Вота теперича и гляди, тово! Я буду на княжой двор ставленый мед «сидеть», один пуд из четырех пудов сырого меду, а посадские учнут пить всяку дрянь, што не веселит, а токмо в голову шибает… Ему вот! – Лутоня кивнул на бельмастого, вновь потянувшегося было к корчаге с пивом. – Чего ни налей, выпьет!.. Охолонь! – прикрикнул он на сябра, тотчас отдернувшего руки от жбана. – Сам знашь, сколь тебе мочно выпить, а сколь нельзя? Почто лезешь? – продолжил он грозно. – Опять жена от тя по избе всю ночь бегать учнет! Али на мороз выгонишь?
– А я мед варю! – продолжил он, вновь поворачиваясь к Ивану. – Тута воды в семь раз более, а патока добавлена, да еще пивное сусло, да еще вываренное с хмелем, да дрожжи. А там уже и переливашь да ставишь в лагуны, на лед… Ну, тут кажный мастер свои тайности блюдет… Пиво-то проще варить, да его и варят сразу много… А штобы сохранять, дак ето вареный мед!
– Повестил бы ты о том!
– Без меня знают! А ищо скажу я тебе, Иване, по всему сужу, – и вареного меду скоро недостанет, учнут из муки из аржаной хмелево гнать, а то и из смеси: ржаной, ячменной, овсяной там – што есь! Ну, опять же, хмель, полынь, зверобой, тмин – для запаху… Да и… Видал, как деготь гонят?!
– Деготь? Ну…
– Вота и ну! Та же бочка, тот же отвод, желоб крытый, тут накапает тебе чистого хмеля, токмо разводи водою опосле! Вот с аржаного зерна и пойдет… А иные заварят сусло, а сроков не выдержат, получаетце неисполненный квас али пиво, называй как хошь! Тот, от коего дуреют! Не ол, словом, не сикера, а незнамо што! И ищо скажу: как наладят ето дело, так князь его в свои руки возьмет! Вот тогда, хошь не хошь, и мне, доживу коли, в княжью службу нужда станет идти! А пока, Иван, я сам себе господин и варю мед уж как мне самому любо! Мед, а не хлебное вино! Так што не зови! Под княжьим дворским ходить не хочу, да и указов тех: делай то, не делай ето – слушать мне не любо. Ты в походах, в службе, а я тута сижу, который год займуюсь, я, почитай, все изучил! Скажи мне, и татарский катык сварю, и мордовское пуре! Слыхал, генуэзски фряги горящее вино привозили ко двору, как-то по-ихнему зовут…

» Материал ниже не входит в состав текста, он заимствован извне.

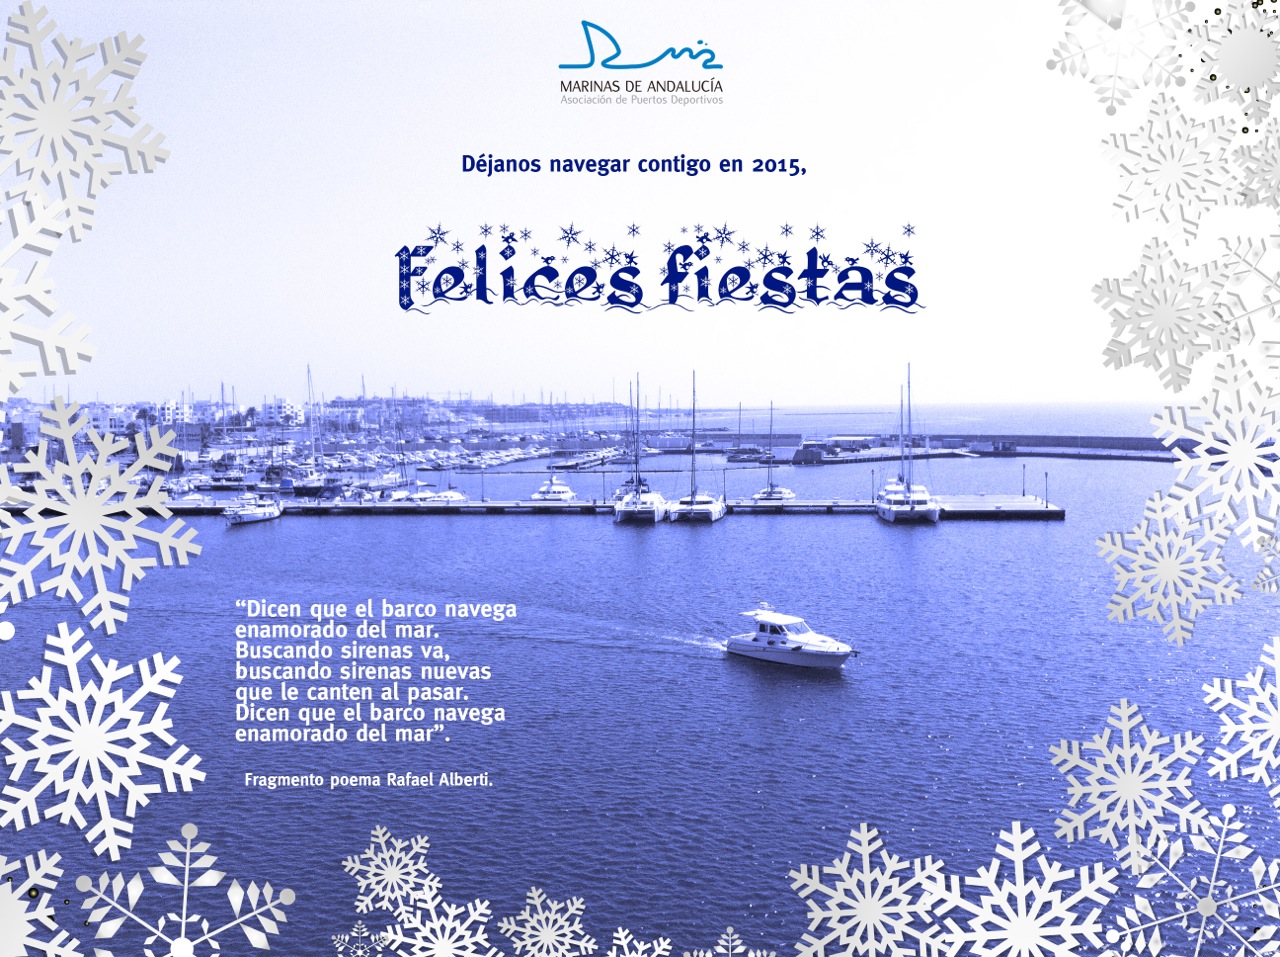 Seguir navegando juntos es el deseo de Marinas de Andalucía para 2015

– Аквавита! – подсказал Иван.
– Вот-вот, вита етая! А я сам выгонял, высиживал! Коли по желобам, как деготь, гнать, из сусла аржаного чистое вино – оно прозрачное, как вода, через уголь березовый очистишь коли! И не портице опосле, стоит сколь хошь, и огнем горит! А без воды ево и пить нельзя, нутро сожжешь себе. Вот с етово питья все и пойдет у нас, даже не с вареного меда! Хватятце! Налог наложат! Не доживу… Да и не ведаю, хочу ли дожить? Таких вот расплодим! – Он опять кивнул на несчастного, не допившего свое соседа. Уронил нехотя: – Налей ему, мать!
Мотя, поджавши губы и коротко глянув на мужа, налила сябру новую чару, и тот вцепился в нее, словно мыслил, что тот час отымут. Уже вскоре, покрасневши ликом и широко взмахивая руками, он что-то бормотал, вскрикивал, пытался неразборчиво шутить…
– Отведи домой, пока не развезло вовсе! – приказал Лутоня сыну, и упившегося соседа под руки потащили вон от стола. Тот, и в оболочине уже, с нахлобученной шапкой, все еще выламывался, просил налить последнюю, и Мотя в сердцах плеснула ему в чару еще полковша, присовокупивши:
– Скорей развезет!
Бельмастого увели, хлопнула, впустив морозное облако, дверь.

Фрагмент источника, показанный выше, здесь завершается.